Starfleet's View on Its Sciences Division and the Star Trek Symbol

Discussion in 'General Trek Discussion' started by Baxten, Mar 20, 2017.

  1. Baxten

    Baxten Lieutenant Commander Red Shirt

    Feb 25, 2017
    Whether you believe that Starfleet is a military, paramilitary or something else, there is a good reason that this topic warrants its own thread.

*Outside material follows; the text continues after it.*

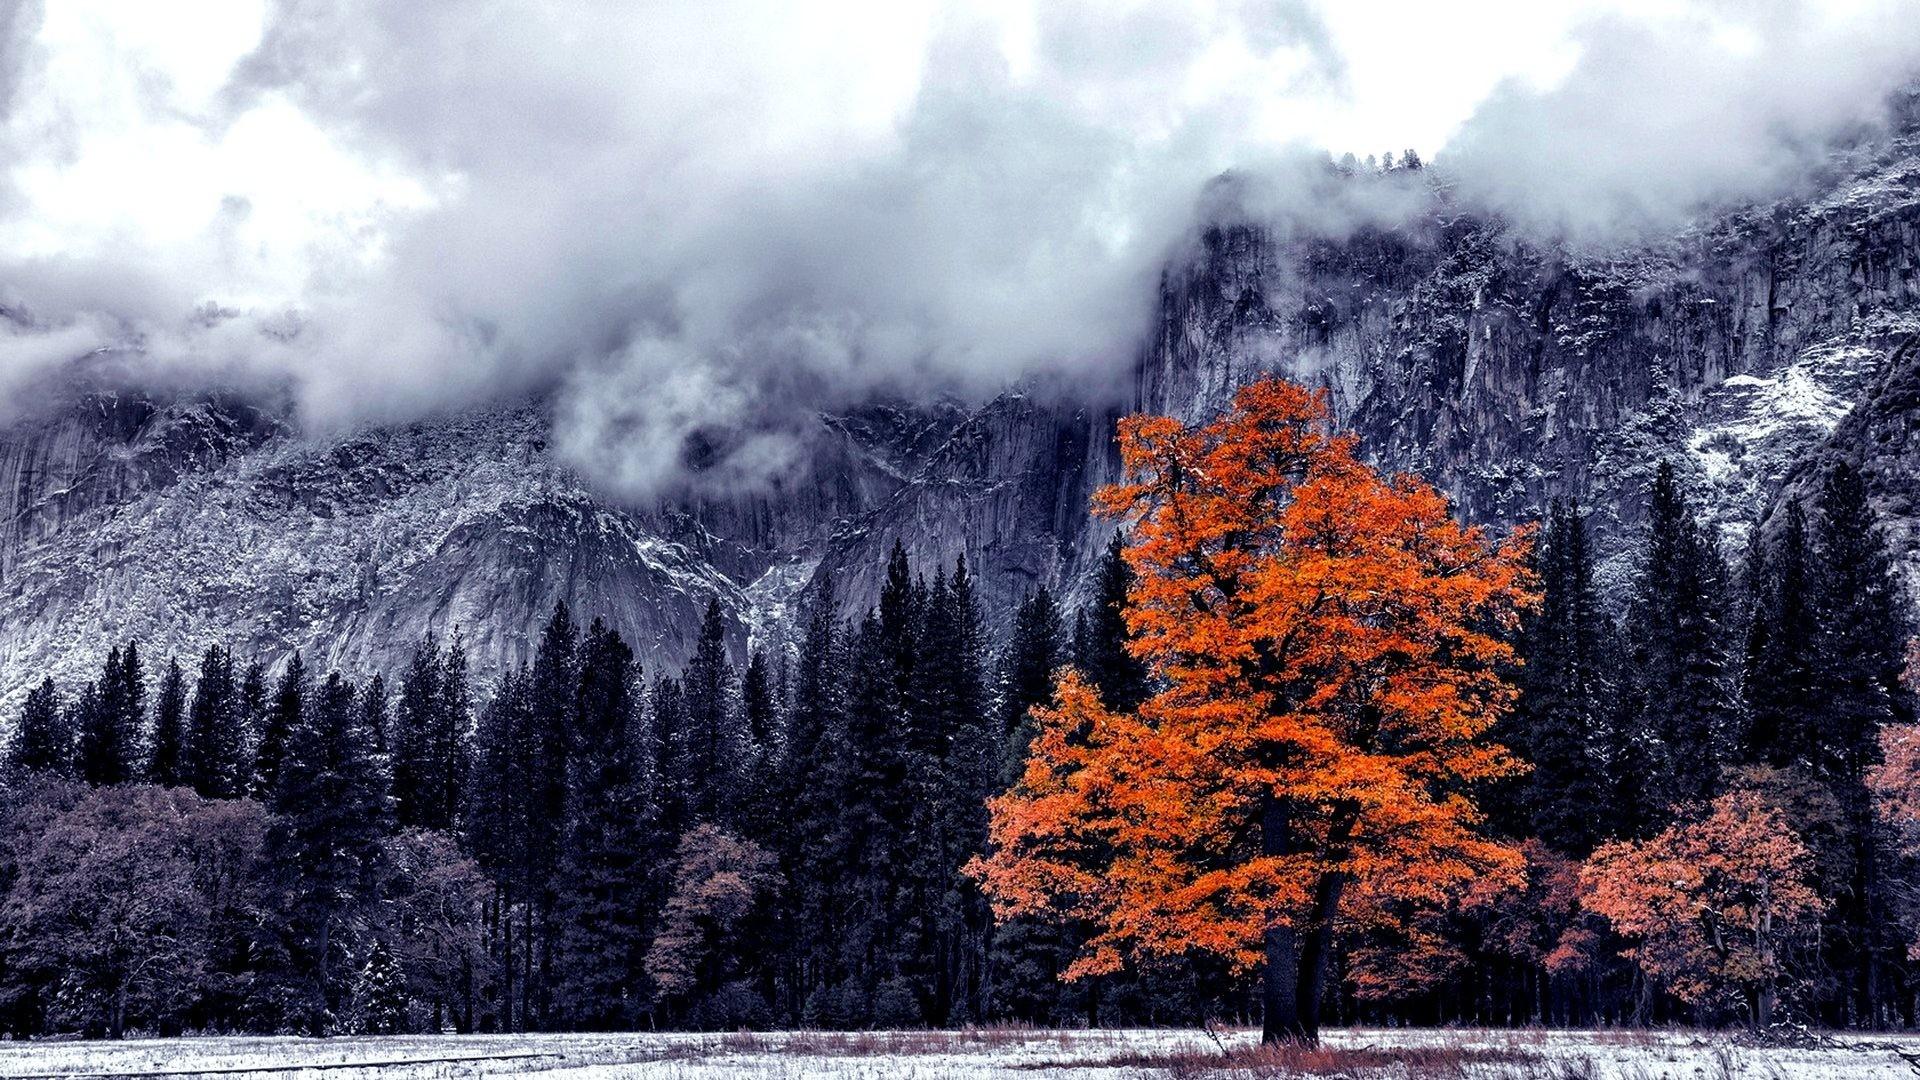 Winter – LAST AUTUMN TREE Landscape Mountain Wallpaper Winter Download Free  for HD 16:9

    There is a claim that Starfleet's primary purposes are science and exploration but I've found a prime example that directly contradicts it when you look at how Starfleet views its own sciences division.

    TNG: "Tapestry"


    (Picard is a science lieutenant)
    WORF: Can I help you, Mister Picard?
    PICARD: Mister Worf.
    (Worf takes a PADD from Picard)
    WORF: This is not for me. You should take it to Commander La Forge in Engineering.
    PICARD: What's happened?
    WORF: Is something wrong?
    PICARD: I'm not sure. Mister Worf, what is my rank and position?
    WORF: You are a Lieutenant junior grade, Assistant Astrophysics officer.
    DATA: Are you feeling all right?
    PICARD: Who's the captain of this ship?
    DATA: Captain Thomas Halloway. Perhaps I should escort you to Sickbay.
    PICARD: No. I can find my own way there. Thank you, Commander.​

    [Doctor's office]

    PICARD: Q, what have you done?
    Q: I've done exactly as I promised. I've returned you to the present.
    PICARD: But this is not the present I remember. You said nothing would change.
    Q: Nothing has changed, Jean-Luc, except for you. But then again, that's what you wanted, wasn't it? To change the man you were in your youth? Well, you did it. This is the man you are today. And You should be happy. You have a real heart beating in your chest, and you get to live out the rest of your life in safety, running tests, making analyses, and carrying reports to your superiors.​

    [Ten Forward]

    (Riker and Troi are at a table)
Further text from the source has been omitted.